Notes/Prerequisites:
- By default, within Intune, End Users are not required to sign in to the device to execute Powershell scripts. Data will not begin to be collected until the next log-in.
- Intune checks after each reboot to see if there are new scripts to run. If the script *fails* (for instance in the case of a security tool blocking the Auvik SaaS Management installation), Intune will not *re-run* the script unless it is changed.
- The script will by default time out after 30 minutes.
- This guide does not yet cover policy enforcement.
- It is not an issue for Auvik SaaS Management to be run on the same device multiple times. If this does occur, the agent will detect that it is already installed and up-to-date and will take no further action.

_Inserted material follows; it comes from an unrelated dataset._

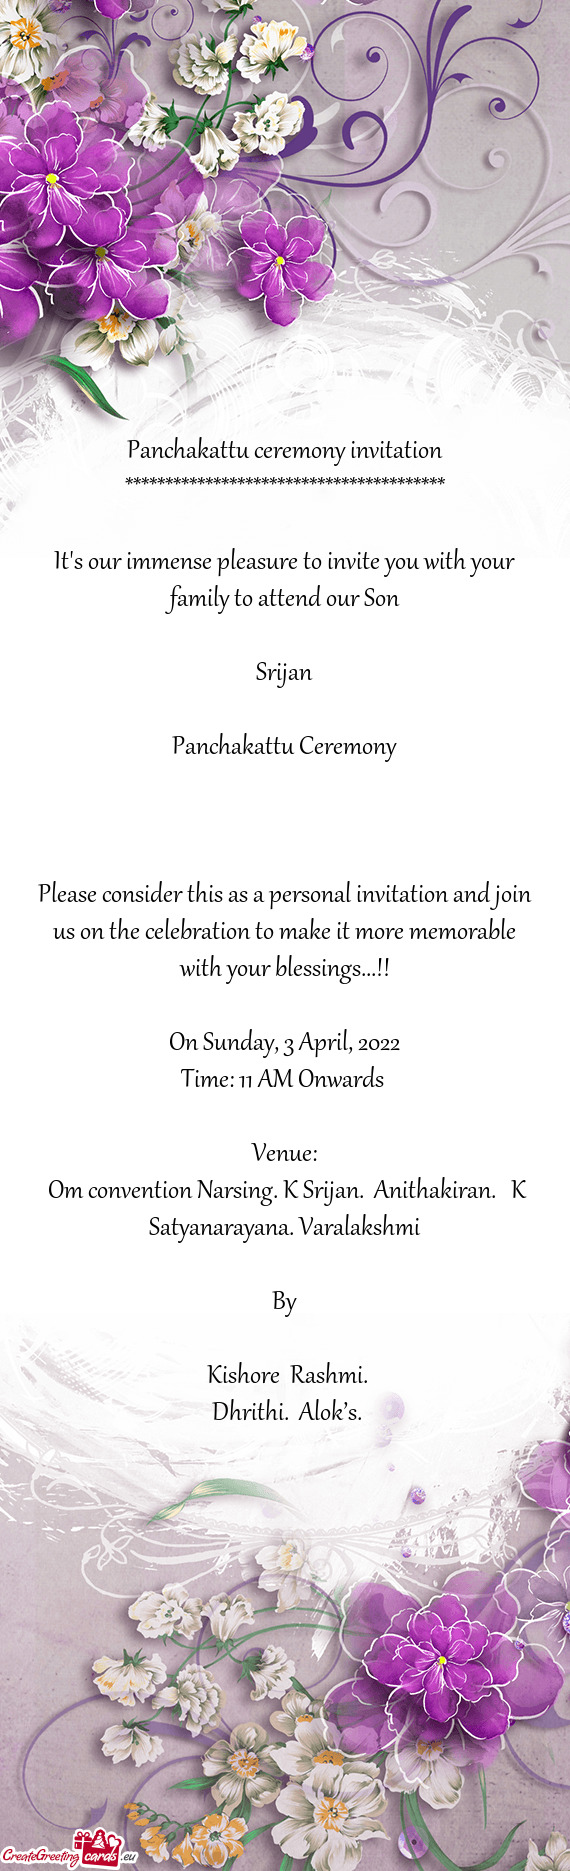 Panchakattu ceremony invitation

Adding the Script to Intune:
-
Navigate to Devices > Scripts > Add > Windows 10 and Later within Microsoft Endpoint Manager Admin.
- In the “Basics” field, enter both a name and an easily recognizable description for the Powershell Script. (Ex: Saaslio Script - Client Name)

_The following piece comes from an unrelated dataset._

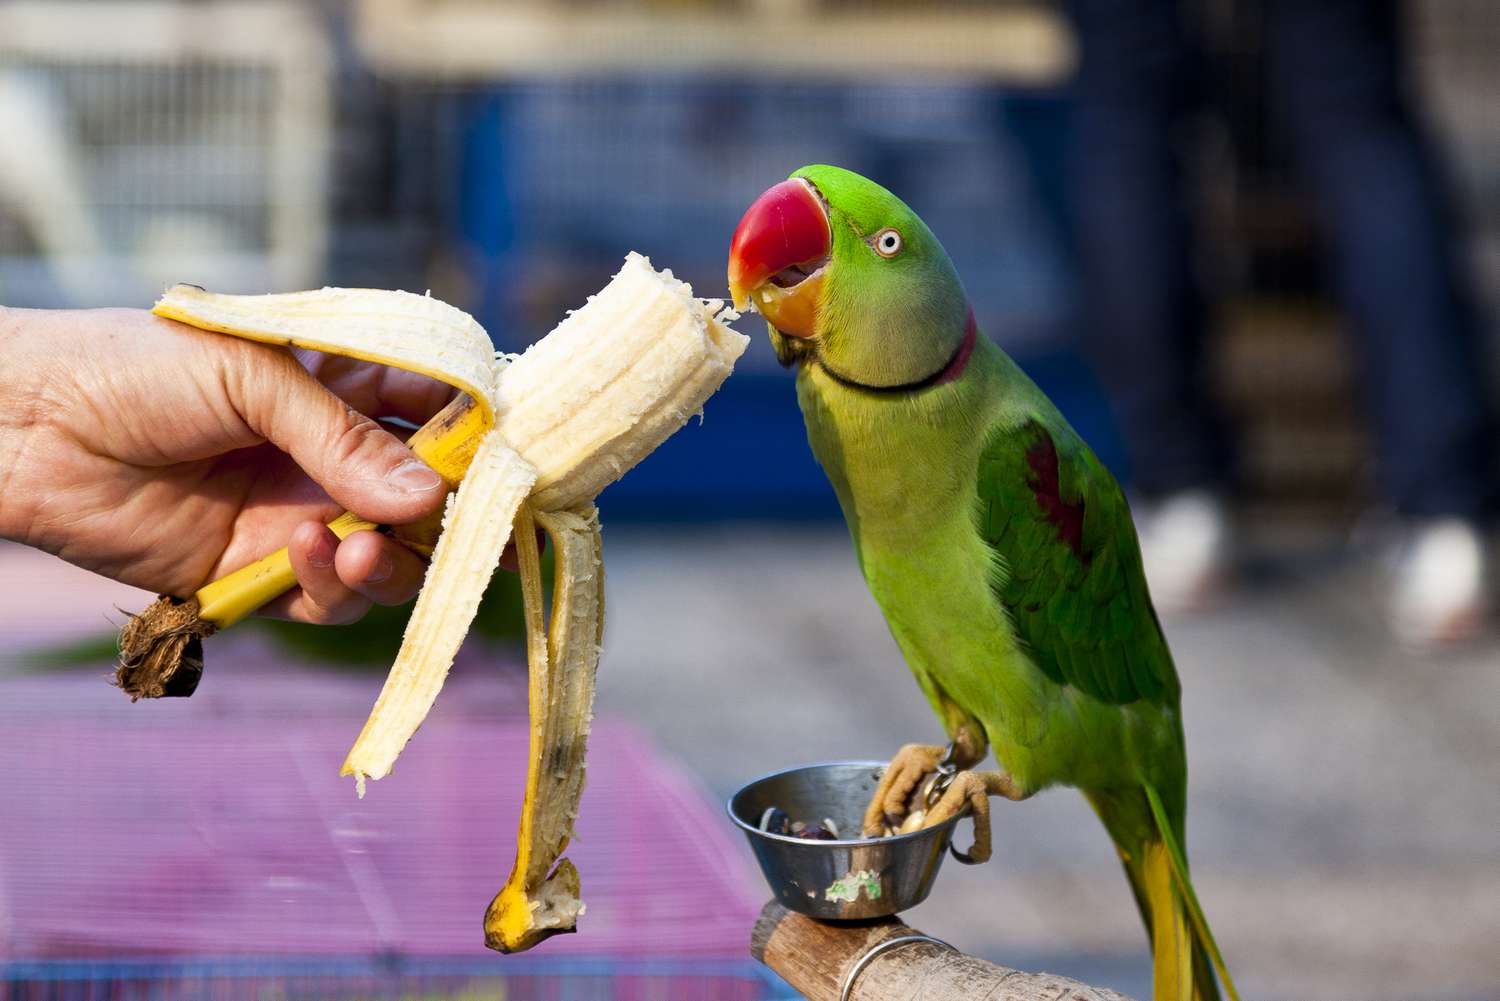 How do you make your birds eat vegetables?

- Log into Auvik SaaS Management and Navigate to Partner Hub > Org Preferences > Integrations, then select the option for “Custom Script"
- Scroll down to the “Client Scripts” options and select the desired client from the dropdown and click the button to “Download Script” as a .ps1 file. Note: If you have not already created a client, you can do so under the “Clients” option in the Auvik SaaS Management menu, and then by selecting “Add Client”.
- Name the download file something easily recognizable for the specified client deployment. The PS1 file will need to be uploaded to Intune so that the necessary scripts can reference it.
-
Set the script settings as follows:
- Script Location: (Either upload or reference a central location where the script is saved)
- Run this script using the logged-on credentials: This setting is dependent on the client’s environment. If you are planning to run this in a SYSTEM context in Windows, or as Admin, select “No”.
- Enforce script signature: Set to No (Note-This setting will change to yes as this deployment integration is moved out of Beta).
- Run script in 64-bit PowerShell host: Set to Yes. Microsoft states that if Intune detects a 32-bit environment, the script will still run even if this setting is set to 64-bit.
- Set your scope and assigned groups for this script to run. This allows the user to target specific devices or groups of devices. Note that this option is highly dependent on the client’s environment, Intune configuration, and Active directory configuration. It is recommended to run the script on a smaller group of users to ensure it is working properly prior to deploying to all client users.
- Once scope and groups have been assigned, select “Add” to save the script. Intune will push the script upon certain events or on a timed basis depending on it’s configuration.
Monitoring Status of Deployment:
Once deployed, you will see devices appear under the client’s Saaslio tenant under Users > Devices. You can also view logs from a particular device under `C:\ProgramData\Microsoft\IntuneManagementExtension\Logs`.